Where the data below shows a picture, leave that picture out and copy the rest exactly.
━━━━━ DATA BLOCK ━━━━━
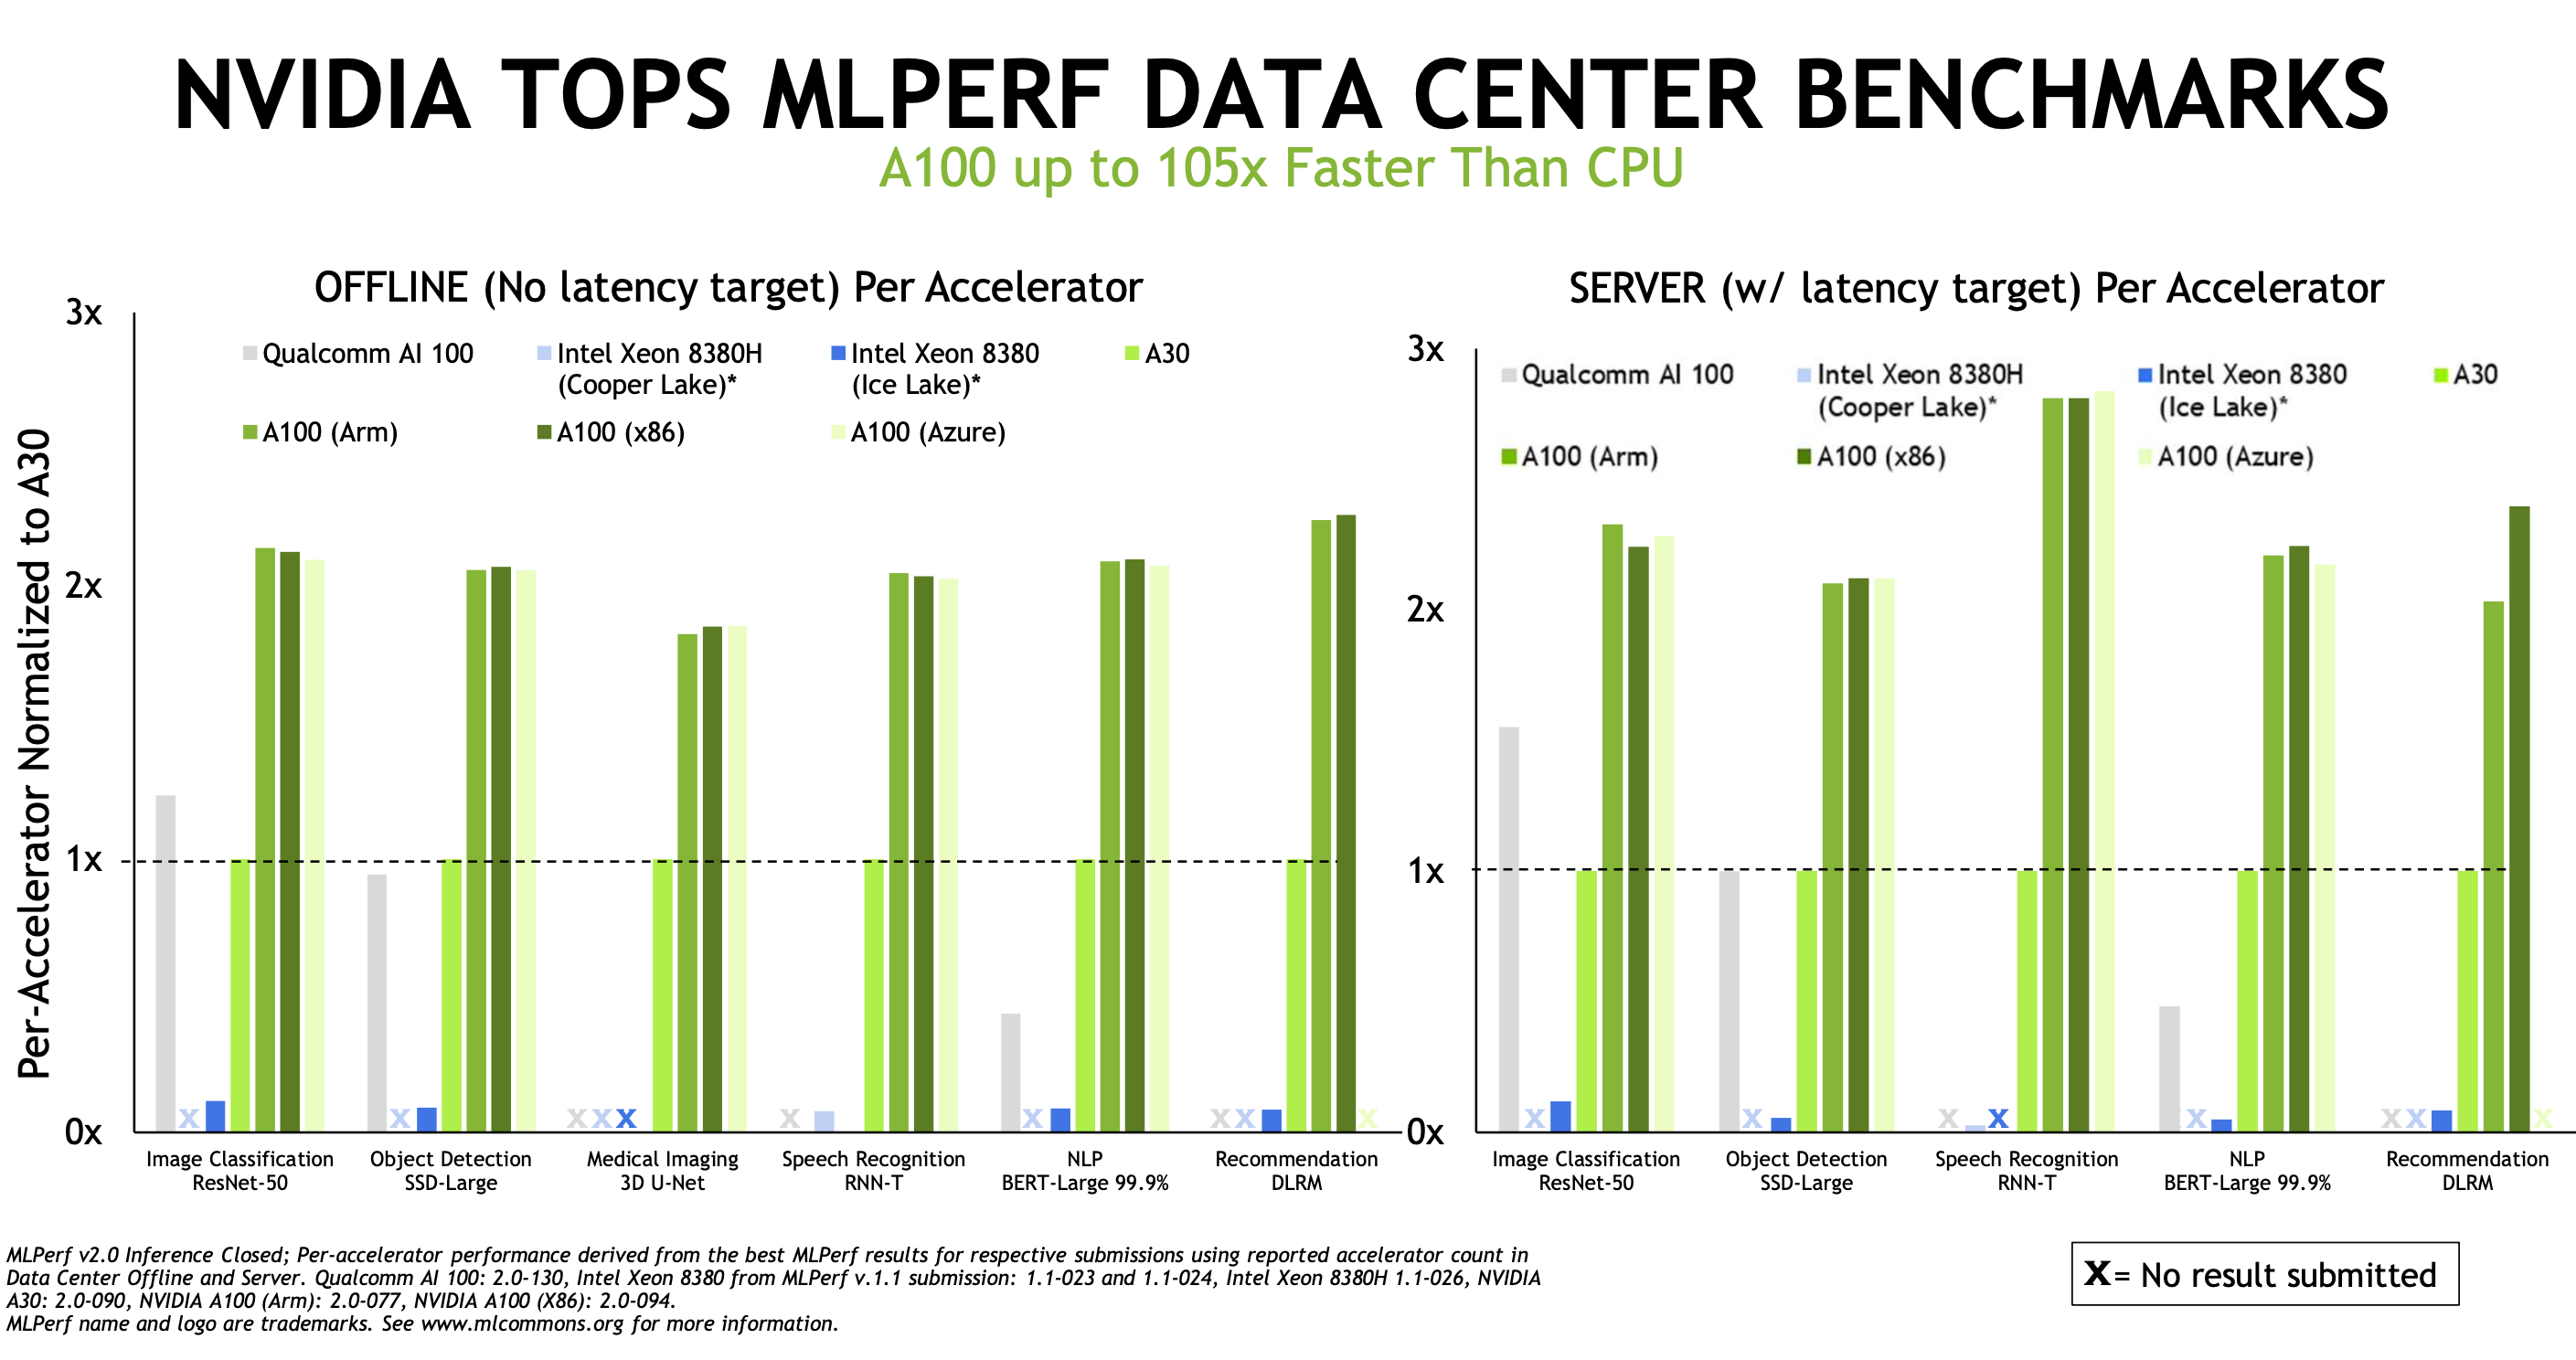 Graphcore brings new competition to Nvidia in latest MLPerf AI benchmarks
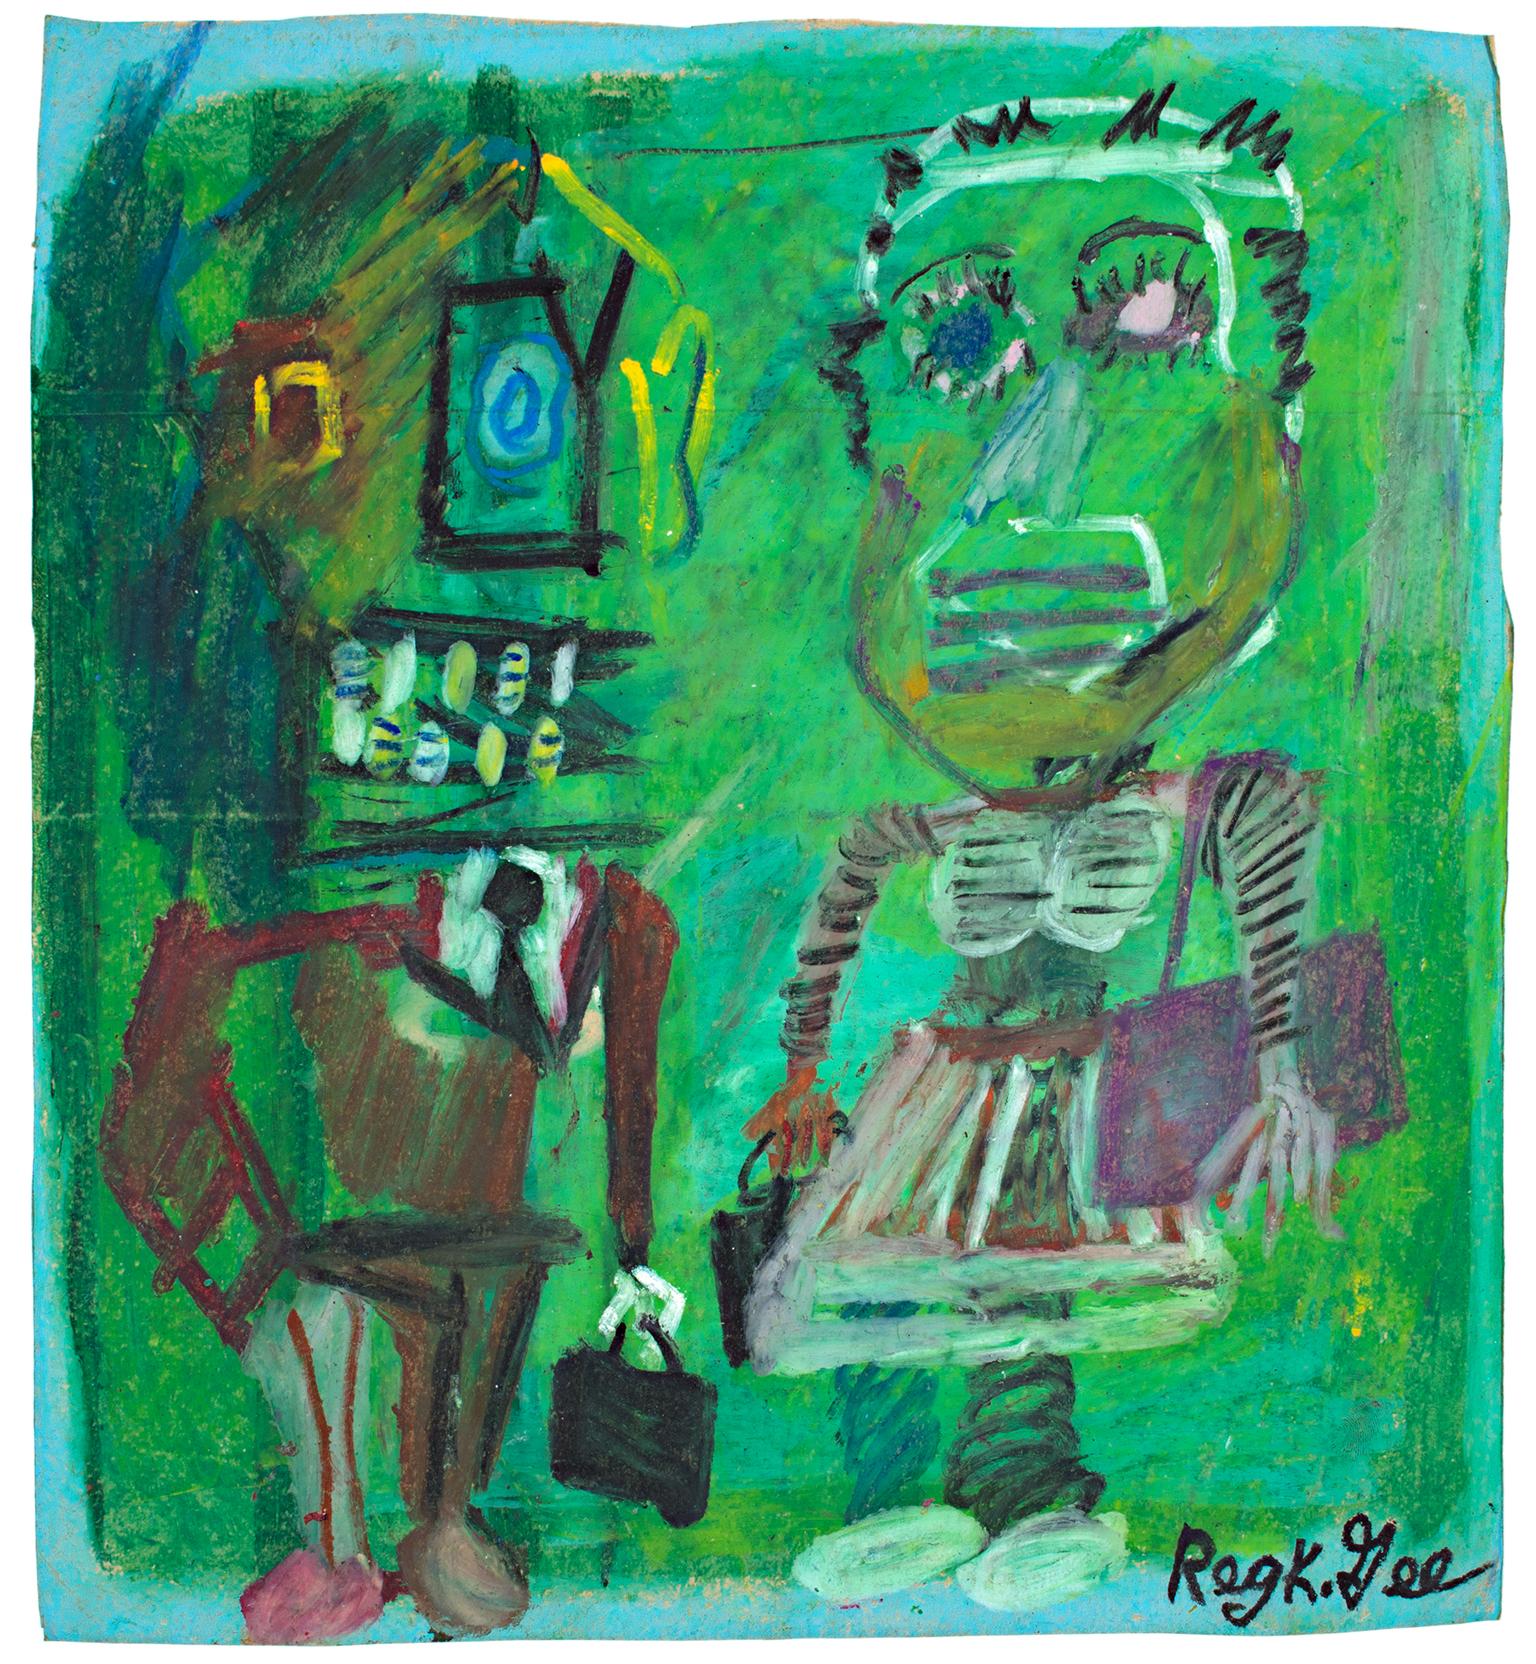 "Comedians at the Airport" is an original oil pastel drawing on a grocery bag by Reginald K. Gee. The artist signed the piece lower right. It depicts two abstracted figures over a field of green. 

13 1/4" x 12" art
custom framing options
━━━━━
- [EXERCISE SOLUTION]:
 Graphcore brings new competition to Nvidia in latest MLPerf AI benchmarks
 "Comedians at the Airport" is an original oil pastel drawing on a grocery bag by Reginald K. Gee. The artist signed the piece lower right. It depicts two abstracted figures over a field of green. 

13 1/4" x 12" art
custom framing options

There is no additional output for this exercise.